Митя спокойно ждал, удобно расположившись в кресле под китайской розой. Если бы все это состоялось раньше, тогда, когда он еще надеялся успеть? тогда бы он нервничал, возможно, даже поскандалил бы, бессмысленно и беспощадно, — и долговязый пристав, по совместительству охранник, выставил бы его вон. Теперь же он поглядывал меж листьев розы, чьи это каблучки стучат возле двери канцелярии: «Не она», — и ему даже нравилось сидеть здесь, гонять лодыря. Теперь он никуда не спешил.?Ваня вспомнил про его день рождения только недавно.

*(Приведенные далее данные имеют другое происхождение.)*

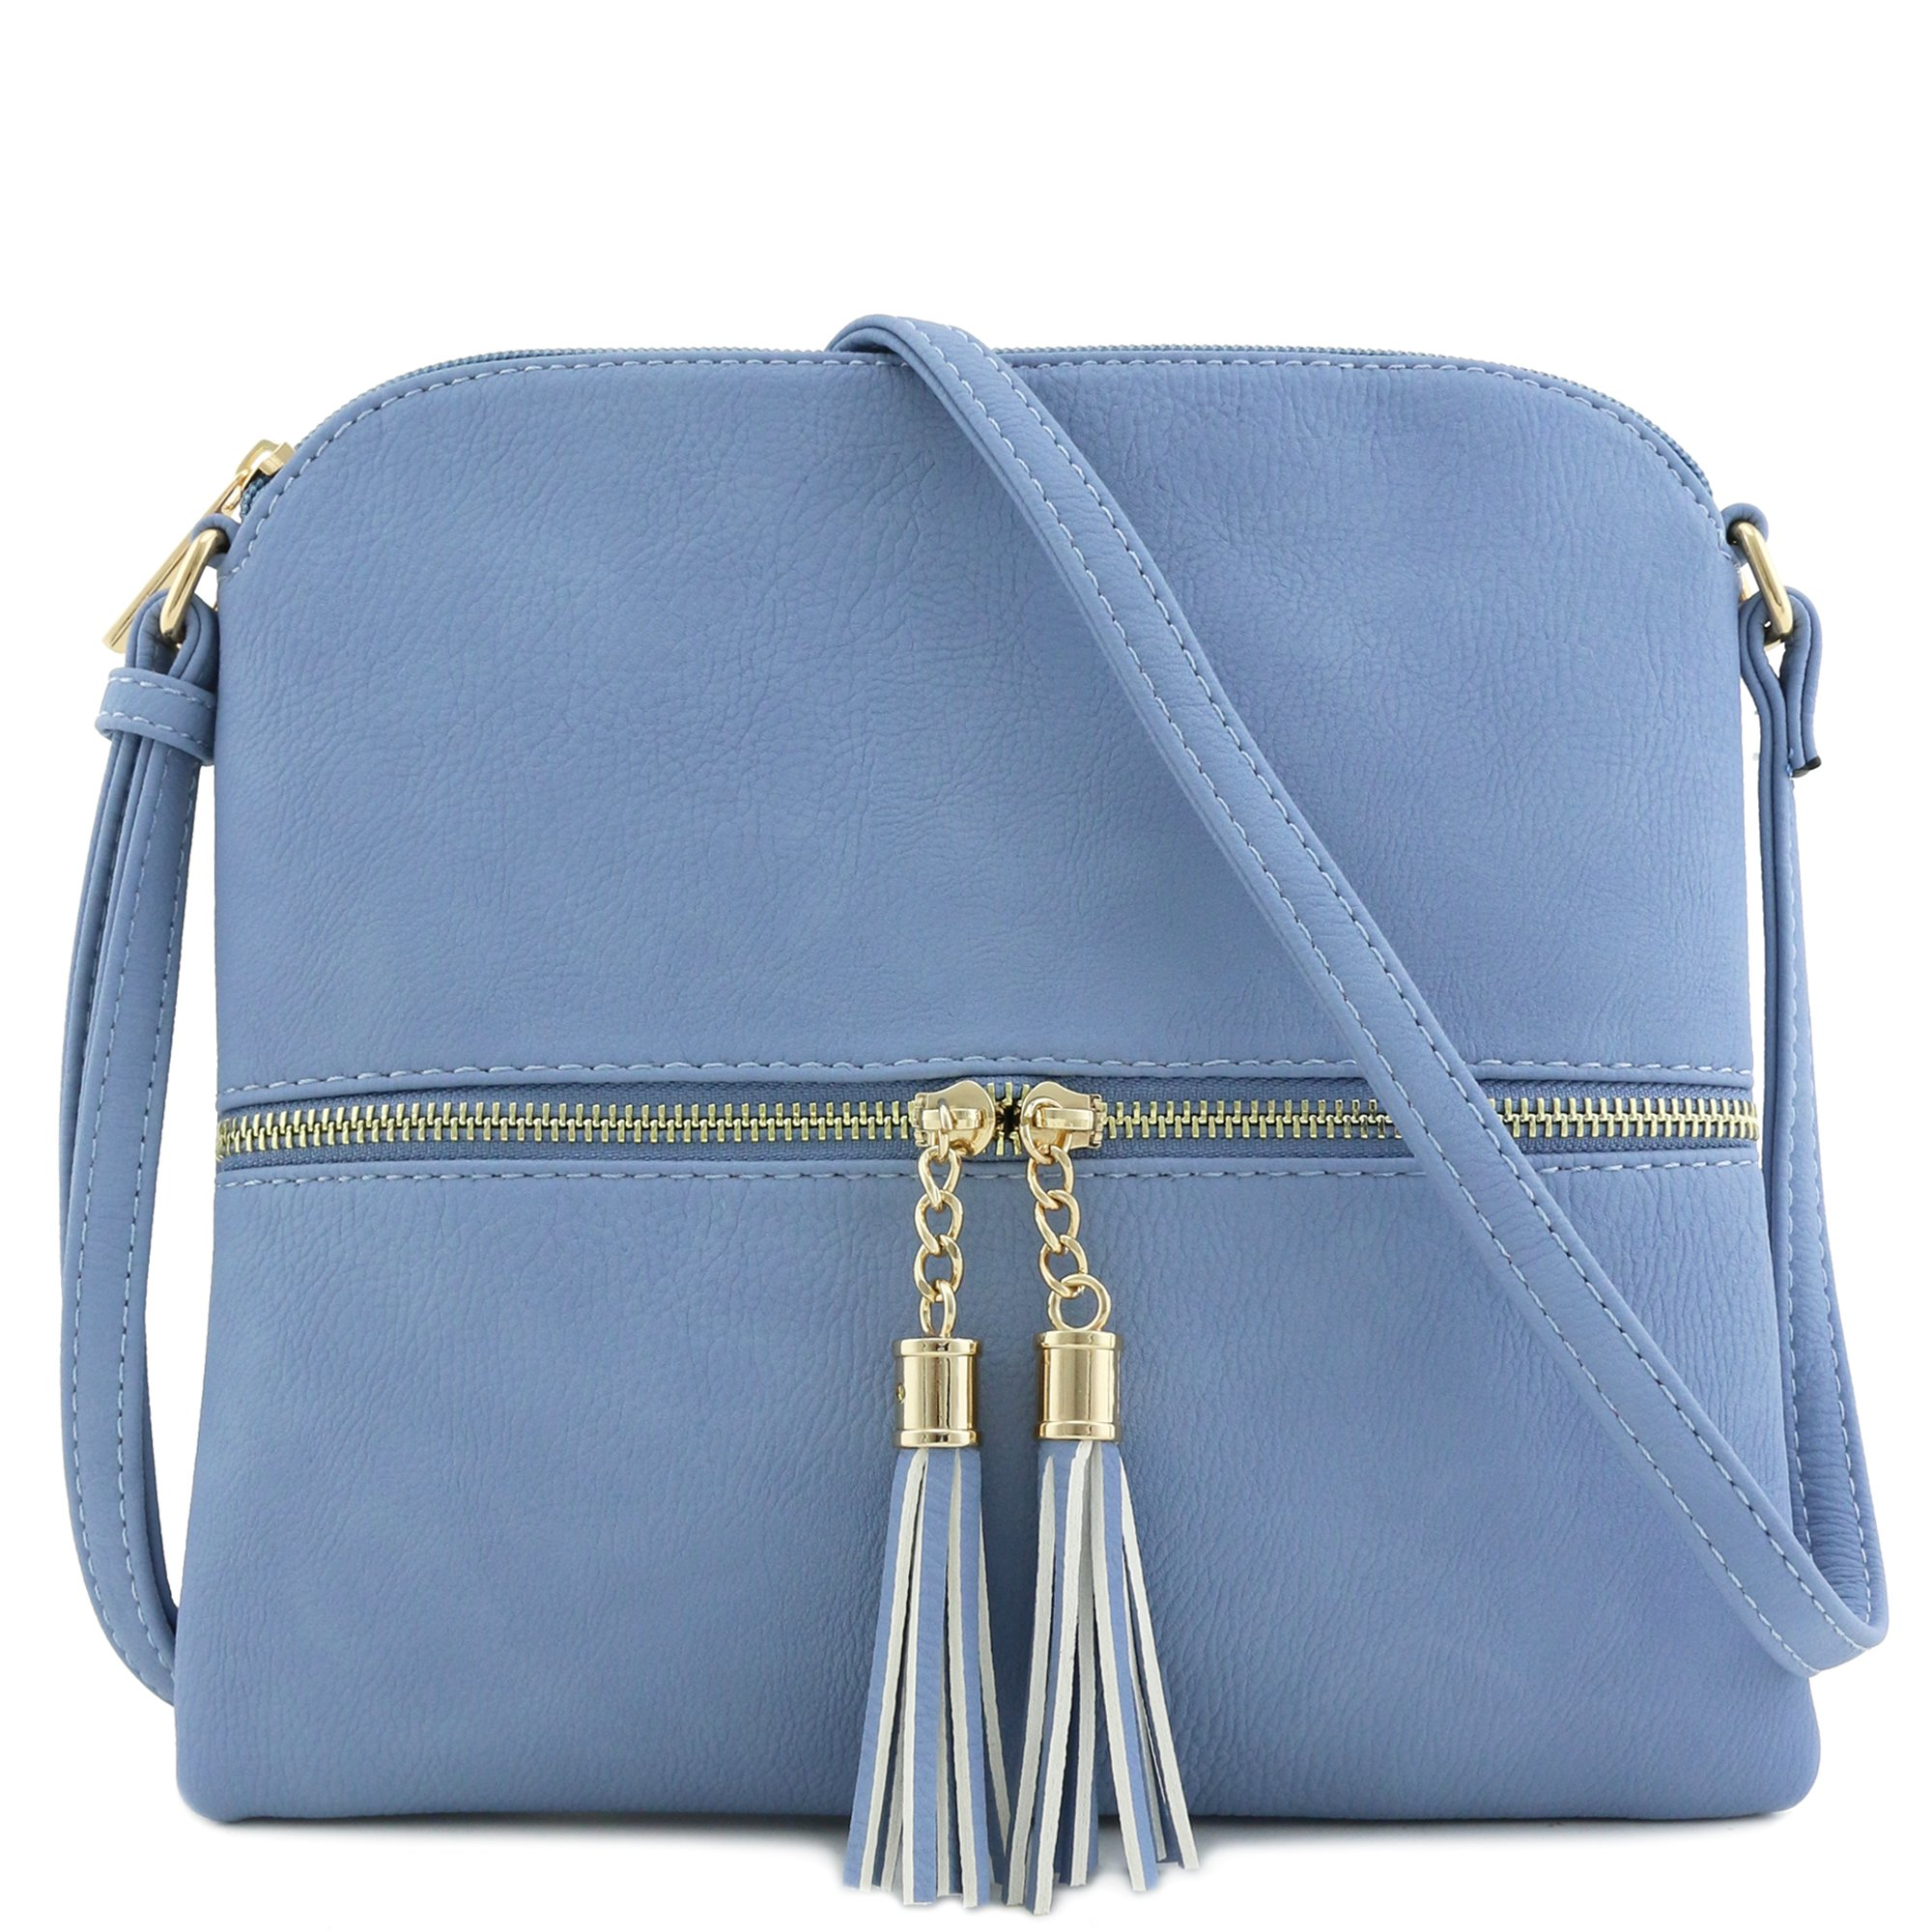 Lightweight Medium Crossbody Bag with Tassel (Light Blue)

— Алло, папа? Я должен? знаешь, я должен сказать что-то? Ты? я должен сказать? извини, что день рожденья, — видимо, от волнения Ваня запутался в русских словах и решил перейти к сути. — У меня в компьютере сбой был. Понимаешь, в компьютере установка стояла, программа мне напоминала про все день рожденья? дни рожденья, — поправился он, — и? в программе сбой был, она отключилась почему-то.

— Понятно.

— Не обижайся, ладно? Ты приезжаешь?

— Нет, сынок, не приезжаю.

— Почему? Из-за дня рожденья?

— Нет. Я не успеваю паспорт сделать. Я тебе напишу.

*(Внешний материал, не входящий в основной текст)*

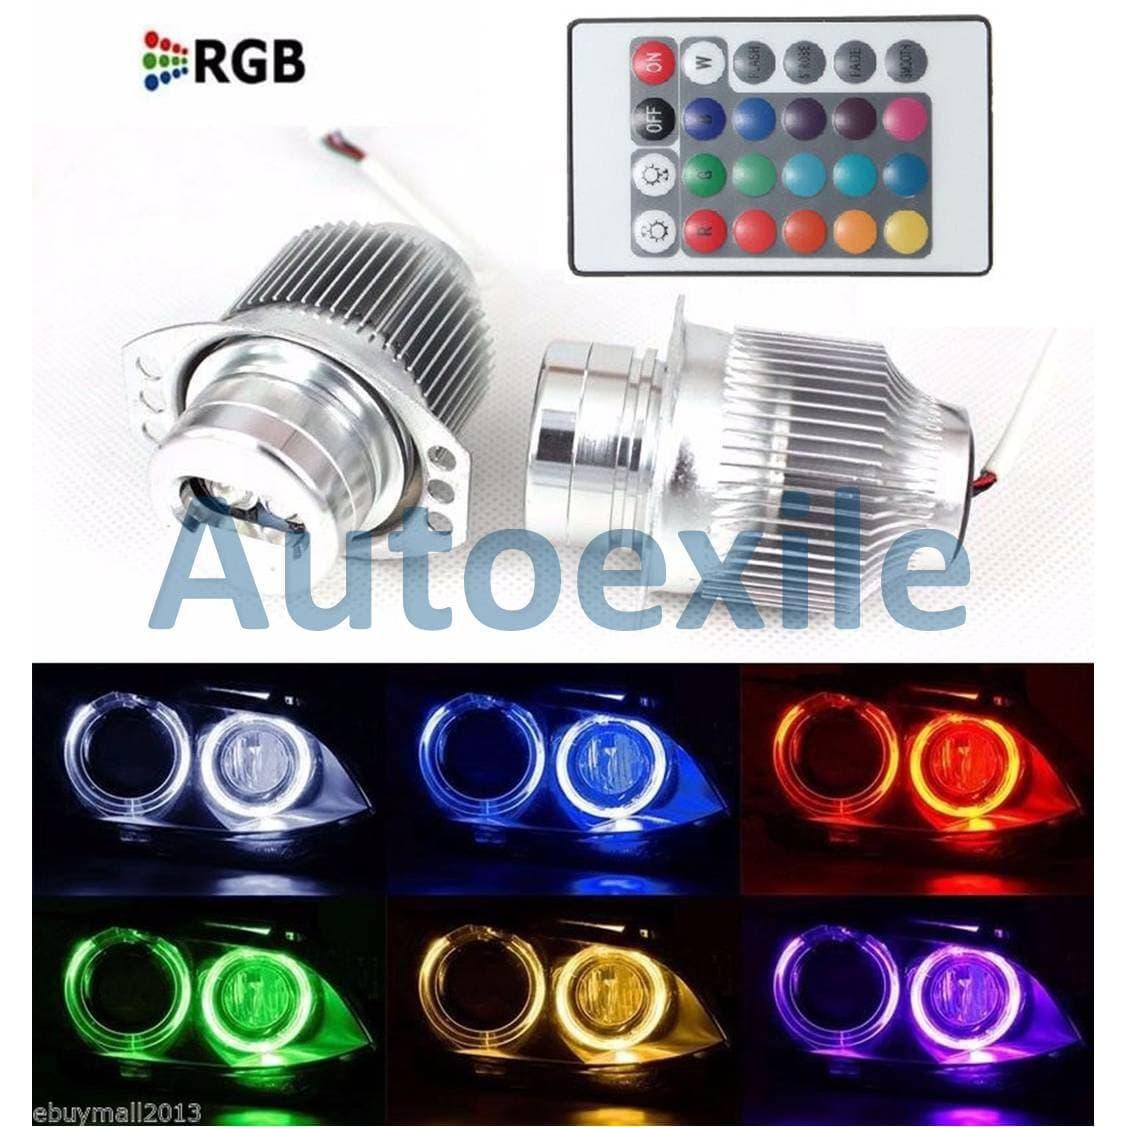 Angel Eyes LED RGB Putih Lampu Bimmer Warna Warni Mobil BMW E90 E91 2005 - 08, 3 Series LCI 2009 Remote

— А я тебе подарок купил. Я сам заработал.

— Как ваши берлинские планы?

— У Кристофа там работа будет. На полгода, может, больше.

«Да, — подумал Митя. — После такой его работы в Ростове-на-Дону у меня не стало семьи».

От разговора с Ваней он почувствовал себя так, будто ему только что сбили сильный жар. Он впервые позволил себе обидеться — на то, что о его днях рожденья, оказывается, сыну напоминал компьютер, волшебная железяка, которую сам он так и не приручил. Обида оказалась вполне человеческим чувством, скорее даже приятным, и уж совершенно точно — облегчающим. Произнеся вслух: «Я не приеду», Митя вдруг осознал это сам: он не едет. Вернее, не летит. Не будет стоять посреди огромного, гудящего вавилонским хаосом аэропорта и, задыхаясь, искать в потоках чужих голов родное лицо, не пожмет непривычно крупную, совершенно мужскую Ванину руку. Этот их неблагозвучный город Осло так и останется недоступным зазеркальем, откуда приходят долгожданные письма, откуда по паутине проводов долетает до его съемных квартир Ванин голос.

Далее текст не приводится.